La mise en scène réunit autour d’une table les actrices qui, dans le film d’origine, étaient interviewées séparément. On devine la complicité, la confiance de ces femmes vis-à-vis de la réalisatrice, sa finesse d’analyse. Loin des discours idéologiques, ces artistes réfléchissent à partir de moments emblématiques de leur carrière.

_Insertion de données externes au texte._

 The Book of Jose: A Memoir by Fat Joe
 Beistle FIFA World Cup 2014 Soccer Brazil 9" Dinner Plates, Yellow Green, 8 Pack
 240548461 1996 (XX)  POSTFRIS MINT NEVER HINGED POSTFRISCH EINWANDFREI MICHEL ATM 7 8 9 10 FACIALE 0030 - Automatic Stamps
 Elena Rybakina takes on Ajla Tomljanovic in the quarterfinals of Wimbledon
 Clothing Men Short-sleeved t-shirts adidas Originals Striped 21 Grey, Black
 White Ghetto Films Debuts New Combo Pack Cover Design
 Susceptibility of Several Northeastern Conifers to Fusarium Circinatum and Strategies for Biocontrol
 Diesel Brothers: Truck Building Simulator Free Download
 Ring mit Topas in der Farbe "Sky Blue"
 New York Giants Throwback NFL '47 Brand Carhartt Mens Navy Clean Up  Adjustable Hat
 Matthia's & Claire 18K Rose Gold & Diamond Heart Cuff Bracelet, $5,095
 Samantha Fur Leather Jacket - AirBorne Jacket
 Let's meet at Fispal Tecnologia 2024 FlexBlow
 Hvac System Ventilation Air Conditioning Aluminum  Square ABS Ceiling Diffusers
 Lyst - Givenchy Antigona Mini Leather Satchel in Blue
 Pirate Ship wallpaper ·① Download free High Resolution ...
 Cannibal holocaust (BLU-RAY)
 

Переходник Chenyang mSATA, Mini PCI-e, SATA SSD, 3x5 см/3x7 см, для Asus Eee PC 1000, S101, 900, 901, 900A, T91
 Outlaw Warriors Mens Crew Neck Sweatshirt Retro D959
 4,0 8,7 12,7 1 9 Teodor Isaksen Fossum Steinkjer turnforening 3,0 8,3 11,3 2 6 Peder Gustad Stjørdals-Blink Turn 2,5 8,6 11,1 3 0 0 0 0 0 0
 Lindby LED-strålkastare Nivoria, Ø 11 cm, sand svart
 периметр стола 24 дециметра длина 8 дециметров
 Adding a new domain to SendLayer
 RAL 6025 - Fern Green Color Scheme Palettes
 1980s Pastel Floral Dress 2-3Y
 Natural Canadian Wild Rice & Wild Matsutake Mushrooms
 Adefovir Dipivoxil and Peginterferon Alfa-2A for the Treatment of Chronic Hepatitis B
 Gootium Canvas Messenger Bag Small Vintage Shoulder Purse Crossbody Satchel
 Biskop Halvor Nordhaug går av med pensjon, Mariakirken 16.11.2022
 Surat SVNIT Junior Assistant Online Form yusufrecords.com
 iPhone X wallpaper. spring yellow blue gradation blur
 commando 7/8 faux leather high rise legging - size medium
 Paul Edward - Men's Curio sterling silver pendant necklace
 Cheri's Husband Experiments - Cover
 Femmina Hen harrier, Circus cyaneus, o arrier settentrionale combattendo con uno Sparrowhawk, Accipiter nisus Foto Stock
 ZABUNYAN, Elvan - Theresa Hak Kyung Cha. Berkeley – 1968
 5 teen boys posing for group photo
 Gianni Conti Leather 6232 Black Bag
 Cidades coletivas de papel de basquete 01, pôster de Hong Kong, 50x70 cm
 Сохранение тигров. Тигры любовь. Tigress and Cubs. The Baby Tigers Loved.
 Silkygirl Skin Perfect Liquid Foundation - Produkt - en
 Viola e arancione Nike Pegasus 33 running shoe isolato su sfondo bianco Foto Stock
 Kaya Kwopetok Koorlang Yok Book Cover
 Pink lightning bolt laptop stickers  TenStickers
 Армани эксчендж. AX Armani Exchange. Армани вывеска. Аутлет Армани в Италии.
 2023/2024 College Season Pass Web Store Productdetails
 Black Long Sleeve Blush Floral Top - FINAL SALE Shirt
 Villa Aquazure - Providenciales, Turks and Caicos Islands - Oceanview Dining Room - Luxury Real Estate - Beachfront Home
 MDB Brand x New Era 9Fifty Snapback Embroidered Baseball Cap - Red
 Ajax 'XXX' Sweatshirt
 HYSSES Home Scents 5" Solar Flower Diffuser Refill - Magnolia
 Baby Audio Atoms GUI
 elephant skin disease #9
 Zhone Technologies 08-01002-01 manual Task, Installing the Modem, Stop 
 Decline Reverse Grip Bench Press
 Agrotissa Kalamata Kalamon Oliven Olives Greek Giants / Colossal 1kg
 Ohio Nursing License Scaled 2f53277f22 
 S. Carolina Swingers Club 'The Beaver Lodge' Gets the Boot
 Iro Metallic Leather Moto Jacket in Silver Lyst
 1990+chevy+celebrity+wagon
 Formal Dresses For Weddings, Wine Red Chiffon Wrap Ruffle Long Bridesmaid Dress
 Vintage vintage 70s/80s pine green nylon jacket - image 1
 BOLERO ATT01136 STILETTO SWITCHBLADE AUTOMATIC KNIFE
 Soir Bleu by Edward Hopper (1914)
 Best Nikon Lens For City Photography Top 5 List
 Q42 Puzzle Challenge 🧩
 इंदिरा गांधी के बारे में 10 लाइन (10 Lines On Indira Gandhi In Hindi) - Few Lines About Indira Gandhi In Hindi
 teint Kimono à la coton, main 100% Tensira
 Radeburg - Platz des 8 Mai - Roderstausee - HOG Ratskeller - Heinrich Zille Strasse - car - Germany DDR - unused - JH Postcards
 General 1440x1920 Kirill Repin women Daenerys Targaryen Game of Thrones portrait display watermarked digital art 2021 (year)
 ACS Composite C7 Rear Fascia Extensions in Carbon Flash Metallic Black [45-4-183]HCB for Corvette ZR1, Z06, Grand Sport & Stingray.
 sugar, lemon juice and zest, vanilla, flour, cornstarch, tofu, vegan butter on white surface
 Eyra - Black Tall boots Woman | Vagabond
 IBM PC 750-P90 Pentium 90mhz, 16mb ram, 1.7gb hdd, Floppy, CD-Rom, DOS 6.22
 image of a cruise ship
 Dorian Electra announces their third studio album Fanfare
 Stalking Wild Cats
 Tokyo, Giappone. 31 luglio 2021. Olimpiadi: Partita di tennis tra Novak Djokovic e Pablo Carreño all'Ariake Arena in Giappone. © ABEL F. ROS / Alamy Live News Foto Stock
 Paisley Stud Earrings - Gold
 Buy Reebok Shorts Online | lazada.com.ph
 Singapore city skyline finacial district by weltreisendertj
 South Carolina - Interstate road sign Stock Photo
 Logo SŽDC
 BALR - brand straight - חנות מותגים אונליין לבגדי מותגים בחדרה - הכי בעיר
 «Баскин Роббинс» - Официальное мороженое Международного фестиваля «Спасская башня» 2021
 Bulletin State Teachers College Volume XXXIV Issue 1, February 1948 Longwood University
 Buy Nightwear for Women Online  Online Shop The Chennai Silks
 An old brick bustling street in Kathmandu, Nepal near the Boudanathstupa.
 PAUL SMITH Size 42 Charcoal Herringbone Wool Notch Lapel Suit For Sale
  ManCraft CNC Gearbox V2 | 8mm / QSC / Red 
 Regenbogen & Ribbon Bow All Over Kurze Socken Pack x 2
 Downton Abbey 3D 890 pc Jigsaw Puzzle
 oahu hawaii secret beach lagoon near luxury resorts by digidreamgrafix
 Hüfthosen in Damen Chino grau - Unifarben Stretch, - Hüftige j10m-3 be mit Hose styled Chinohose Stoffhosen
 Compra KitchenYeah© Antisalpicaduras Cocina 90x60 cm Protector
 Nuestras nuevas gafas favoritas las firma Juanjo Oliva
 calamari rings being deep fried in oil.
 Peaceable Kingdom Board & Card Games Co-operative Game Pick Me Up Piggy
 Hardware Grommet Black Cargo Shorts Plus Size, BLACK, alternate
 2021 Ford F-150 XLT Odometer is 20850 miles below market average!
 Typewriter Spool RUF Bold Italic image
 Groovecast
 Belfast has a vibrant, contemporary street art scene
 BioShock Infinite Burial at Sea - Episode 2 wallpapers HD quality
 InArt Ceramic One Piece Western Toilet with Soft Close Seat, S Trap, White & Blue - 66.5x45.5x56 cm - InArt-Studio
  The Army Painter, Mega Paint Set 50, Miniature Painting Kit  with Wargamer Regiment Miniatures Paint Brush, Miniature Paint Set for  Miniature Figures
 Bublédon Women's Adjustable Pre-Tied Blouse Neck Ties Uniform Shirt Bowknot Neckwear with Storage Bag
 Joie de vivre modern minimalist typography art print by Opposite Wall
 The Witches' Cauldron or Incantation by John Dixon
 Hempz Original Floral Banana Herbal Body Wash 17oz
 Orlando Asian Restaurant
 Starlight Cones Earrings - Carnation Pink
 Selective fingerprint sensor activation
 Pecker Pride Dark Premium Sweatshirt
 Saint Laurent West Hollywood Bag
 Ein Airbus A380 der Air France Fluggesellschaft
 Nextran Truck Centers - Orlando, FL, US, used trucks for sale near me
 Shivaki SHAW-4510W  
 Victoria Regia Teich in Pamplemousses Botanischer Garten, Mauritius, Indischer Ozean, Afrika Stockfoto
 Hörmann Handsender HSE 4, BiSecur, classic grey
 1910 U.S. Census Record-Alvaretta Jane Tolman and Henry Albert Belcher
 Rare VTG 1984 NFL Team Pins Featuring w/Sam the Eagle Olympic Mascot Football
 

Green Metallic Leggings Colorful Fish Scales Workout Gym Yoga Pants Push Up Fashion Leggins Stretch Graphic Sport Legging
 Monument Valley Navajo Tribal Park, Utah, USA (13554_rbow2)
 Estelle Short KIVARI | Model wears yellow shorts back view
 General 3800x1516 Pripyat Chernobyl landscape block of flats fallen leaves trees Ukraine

On retiendra particulièrement l’intelligence de Jane Fonda racontant son premier tournage. « Je n’oublierai jamais le premier jour où j’ai fait des essais de maquillage. On m’a mis sur une chaise comme chez le dentiste et tous les hommes autour comme des chirurgiens, les magnats d’Hollywood, ils m’ont travaillée, redressée, et je me suis regardée, je ne savais plus qui j’étais, comme sur une chaîne. Le dernier maquilleur voulait que je me fasse casser la mâchoire pour creuser les joues… Avec le nez que tu as, tu ne joueras jamais la tragédie. Ils m’ont obligée à me faire grossir la poitrine, à teindre mes cheveux en blond et m’ont épilé les sourcils… J’étais un produit du marché et il fallait qu’on m’arrange pour que je sois vendable. » Elle décrit avec un humour ravageur ce dédoublement de personnalité qu’impose le cinéma.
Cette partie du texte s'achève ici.